Я тут же отправился в Московский комитет. Мы составили свою делегацию и поздним вечером того же дня выехали в Ленинград. Сталина, Ворошилова и Молотова, которые тоже туда поехали, я не видел ни когда садились в поезд, ни когда мы прибыли, потому что они ехали отдельно, в специальных вагонах. Ленинград (хотя, может быть, это мои личные переживания и я переношу их на всех других) находился в глубоком трауре. Мы видели убитых горем секретарей городского и областного партийных комитетов, многих других людей. Встретился я там и со старыми знакомыми. Особенно в хороших отношениях я был с Чудовым[88], вторым секретарем Ленинградского областного комитета партии, красавцем, симпатичным, уважаемым всеми товарищем. Все мы просто разводили руками и толком не знали, что произошло. Знали только, что убил Кирова некто Николаев[89]. Нам сказали, что Николаев не то был исключен из партии, не то имел взыскание за участие в троцкистской оппозиции, так что поэтому это – дело рук троцкистов. По-видимому, они организовали убийство, и в нас это вызывало искреннее возмущение и негодование.

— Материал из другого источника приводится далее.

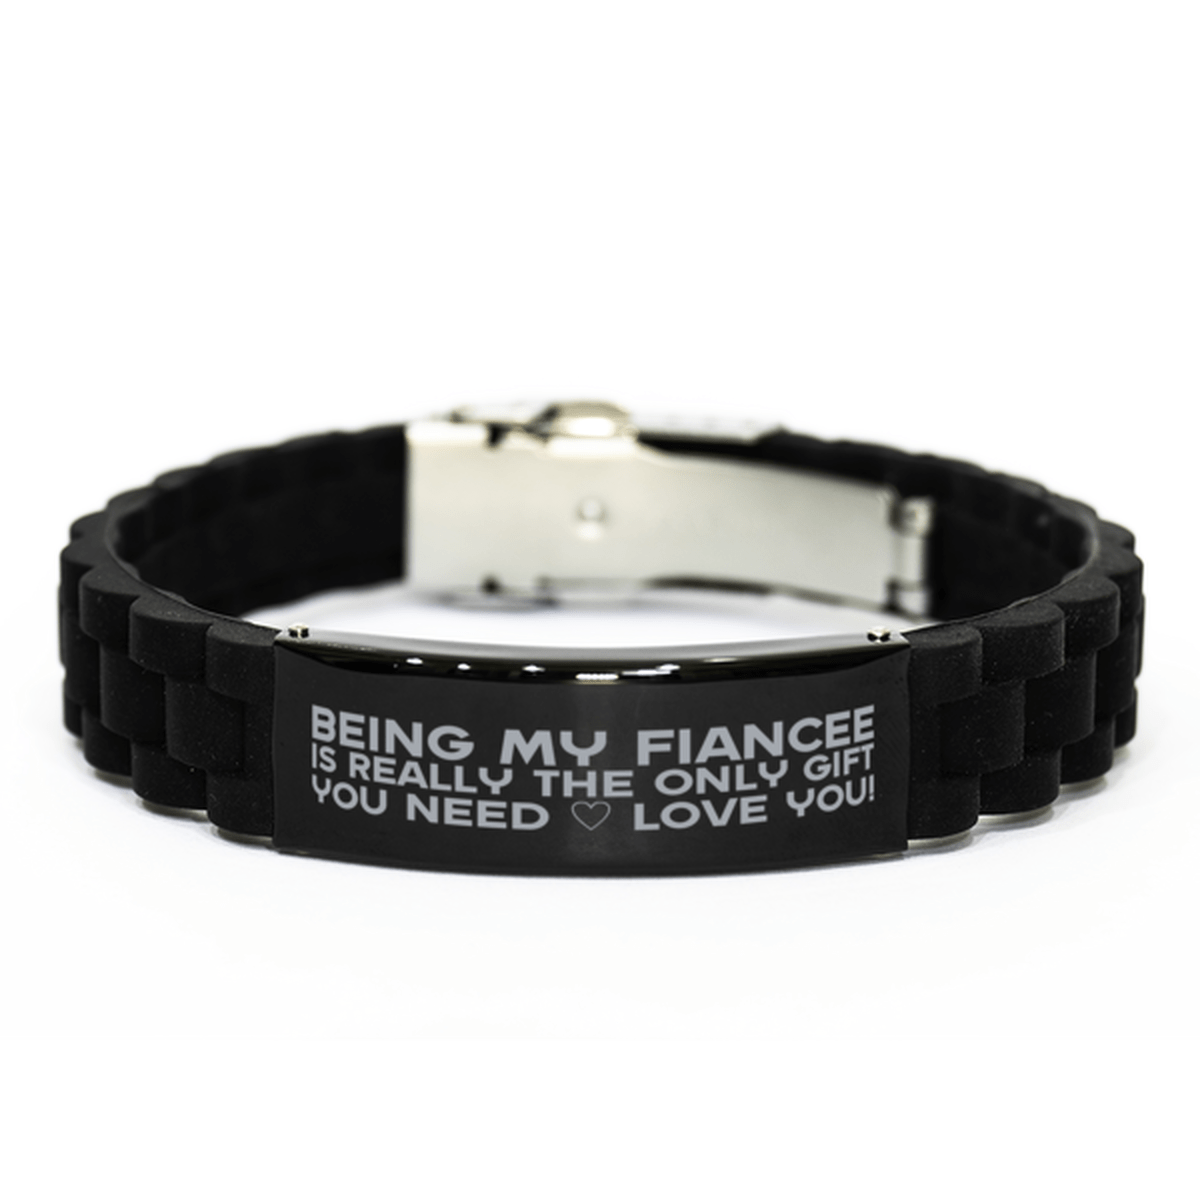 Funny Fiancee Bracelet, Being My Fiancee Is Really the Only Gift You Need, Best Birthday Gifts for Fiancee

Не помню сейчас, сколько дней мы пробыли в Ленинграде. Когда ленинградцы прощались с телом Сергея Мироновича Кирова, мы тоже стояли в карауле, по-моему, даже по нескольку раз. Потом состоялись перевоз тела в Москву и похороны. Как переживали смерть Кирова Сталин и некоторые другие члены Политбюро, не могу сказать. Каганович же, которого я видел, был потрясен и, на мой взгляд, даже напуган. Сталина я видел только, когда он стоял в карауле в Ленинграде. Но он умел владеть собой, и лицо его было совершенно непроницаемо. Да я даже думать тогда не мог, что он может быть занят иными мыслями, кроме переживаний по поводу смерти Кирова.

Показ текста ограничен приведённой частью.